I have a below table and want to calculate mean by state, I would like to calculate mean only for the rows which has 1 as customer
Customer | State | Score | Output_Mean |
---|---|---|---|
0 | GA | 1 | |
1 | GA | 2 | 2.5 |
1 | GA | 3 | 2.5 |
1 | NY | 9 | 8 |
1 | NY | 7 | 8 |
0 | DC | 6 | |
0 | DC | 4 |
I have below code, how do I add customer criteria?
df['output_mean'] = (df.fillna({'state':'missing'}).groupby(['state'])['score'].transform(lambda x: x.mean()))

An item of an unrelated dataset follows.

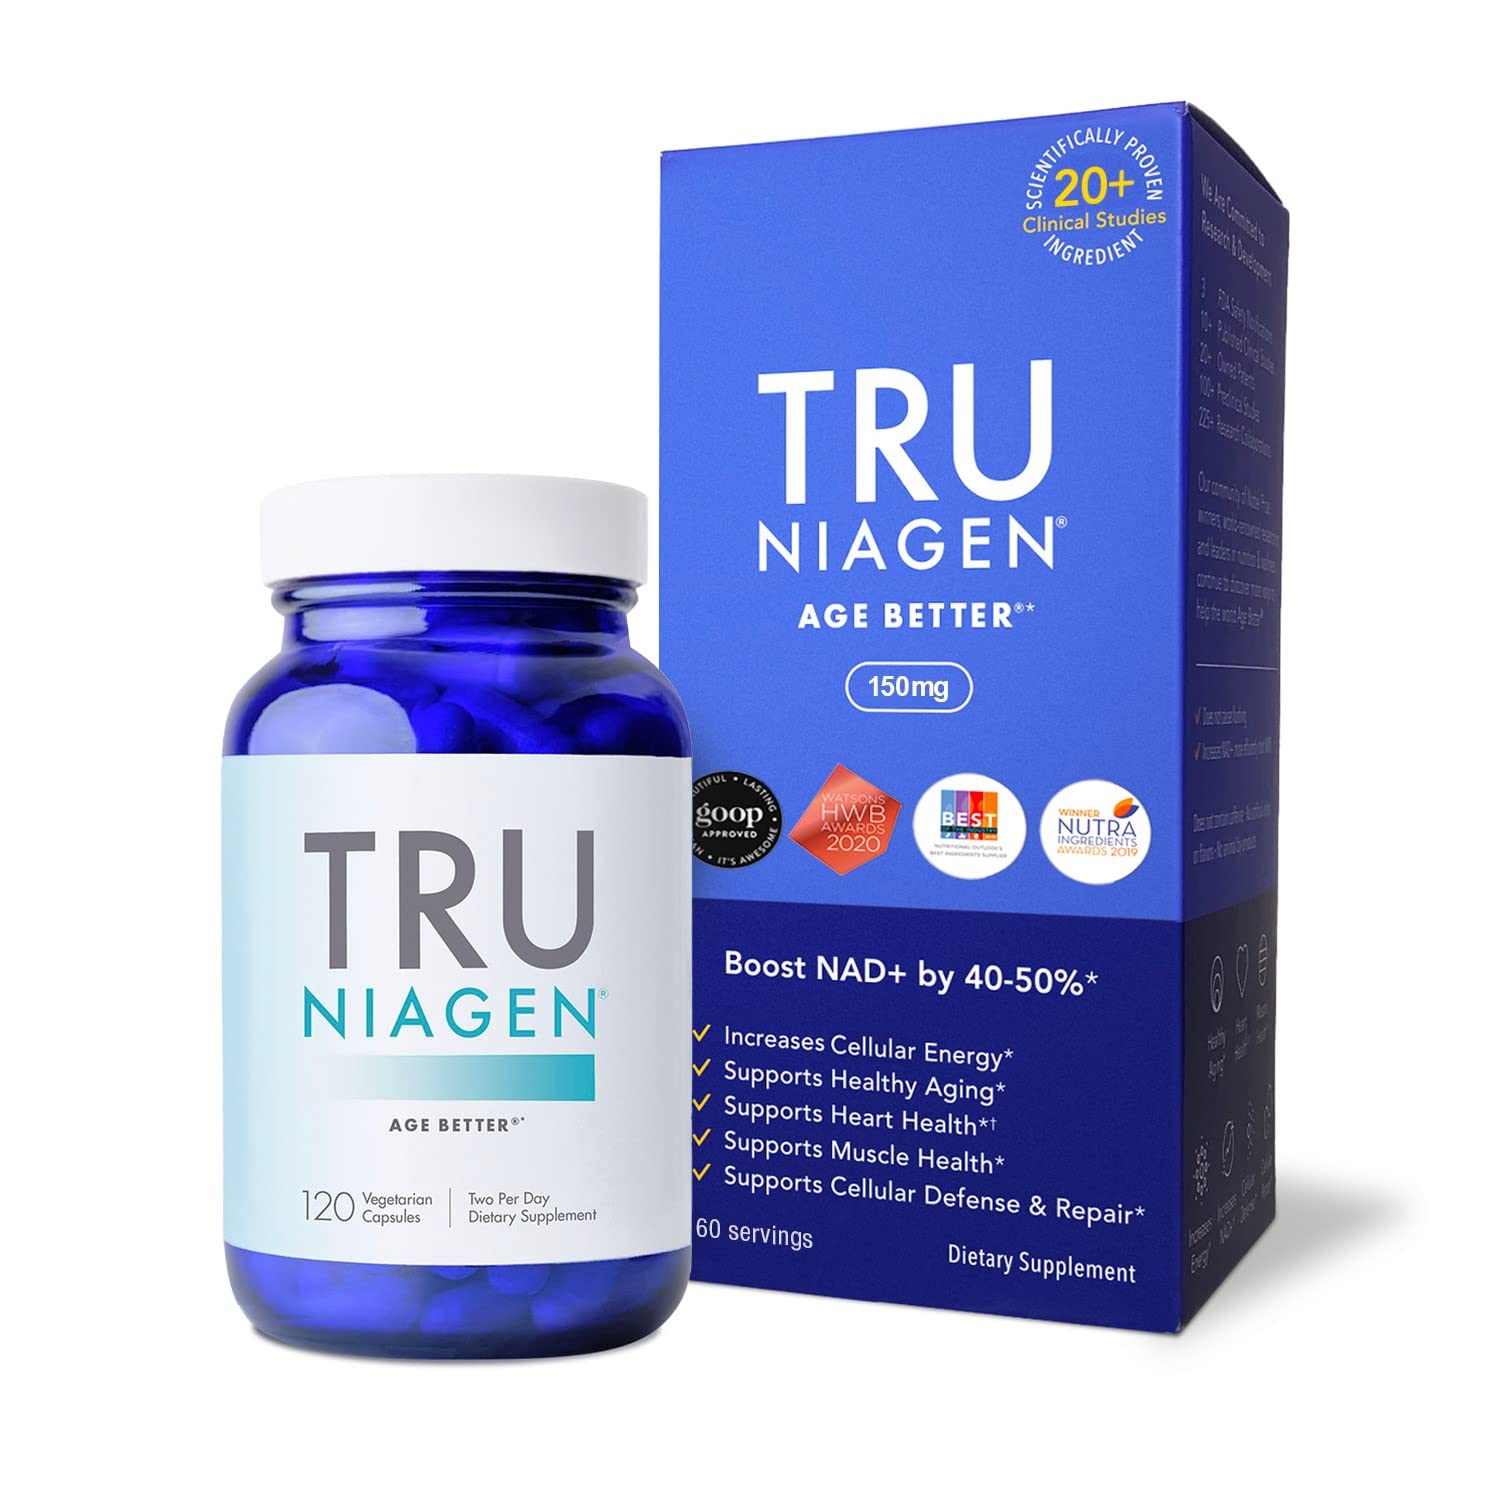 Book Cover TRU NIAGEN 120ct/150mg Multi Award Winning Patented NAD+ Boosting Supplement - More Efficient Than NMN - Nicotinamide Riboside for Cellular Energy Metabolism & Repair, Vitality & Healthy Aging

CodePudding user response:
You can just update where you want:
customer_1 = df['Customer'].eq(1)
df.loc[customer_1, 'Output_Mean'] = df[customer_1].groupby('State')['Score'].transform('mean')
For most (later) Pandas versions, you can forgo the customer_1
on the left hand side and do:
df['Output_Mean'] = df[customer_1].groupby('State')['Score'].transform('mean')
Or just a query
without mask:
df['Output_Mean'] = df.query('Customer == 1').groupby('State')['Score'].transform('mean')
Output:
Customer State Score Output_Mean
0 0 GA 1 NaN
1 1 GA 2 2.5
2 1 GA 3 2.5
3 1 NY 9 8.0
4 1 NY 7 8.0
5 0 DC 6 NaN
6 0 DC 4 NaN
CodePudding user response:
You can include a mask for customer==1
in the groupby
(along with State
) and use np.where
to assign values to df['output_mean']
:
mask = df['Customer']==1
df['output_mean'] = np.where(mask, df.fillna({'State':'missing'}).groupby([mask,'State'])['Score'].transform('mean'), np.nan)
Output:
Customer State Score output_mean
0 0 GA 1 NaN
1 1 GA 2 2.5
2 1 GA 3 2.5
3 1 NY 9 8.0
4 1 NY 7 8.0
5 0 DC 6 NaN
6 0 DC 4 NaN